Personal information
- Full name: Michael Zorc
- Date of birth: 25 August 1962 (age 64)
- Place of birth: Dortmund, West Germany
- Height: 1.83 m (6 ft 0 in)
- Position: Midfielder

Youth career
- 1969–1978: TuS Eving-Lindenhorst
- 1978–1981: Borussia Dortmund

Senior career*
- Years: Team / Apps / (Gls)
- 1981–1998: Borussia Dortmund / 463 / (131)

International career
- 1982–1983: West Germany U21 / 2 / (0)
- 1986: West Germany B / 1 / (0)
- 1987–1988: West Germany Olympic / 5 / (0)
- 1992–1993: Germany / 7 / (0)

Medal record
Representing West Germany
Men's football
FIFA World Youth Championship
| Winner | 1981 Australia |  |

= Michael Zorc =

German football player and executive

Michael Zorc (born 25 August 1962) is a German former professional footballer who played as a midfielder.

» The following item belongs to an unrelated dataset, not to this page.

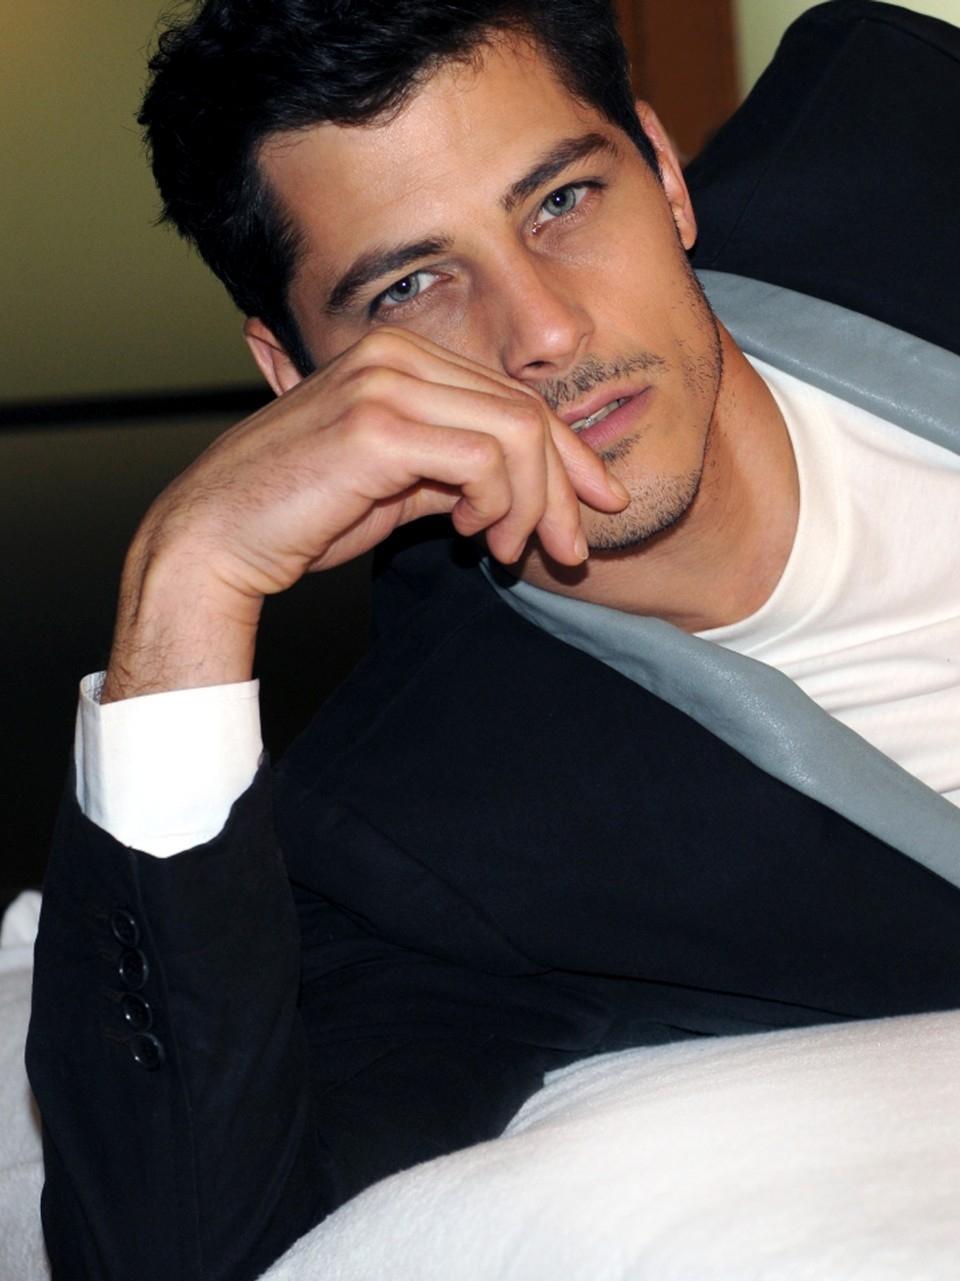 Atesh Salih In 2020 Atesh Salih Model Gorgeous Men

Nicknamed "Susi" in his early days because of his long hair, he spent his entire career with Borussia Dortmund, appearing in 572 competitive matches in 17 seasons and scoring 159 goals. After retiring, he served as the club's sporting director from 2005 to 2022.

==Club career==
Born in Dortmund, Zorc played 463 Bundesliga games for Borussia Dortmund (a club record) between 1981 and 1998, also being the team's captain for many years. He also ranked, at one time, their second all-time top goalscorer, thanks in part to his penalty-taking ability. He made his professional debut on 24 October 1981 in a 2–0 away loss against SV Werder Bremen, becoming first choice from his second season onwards.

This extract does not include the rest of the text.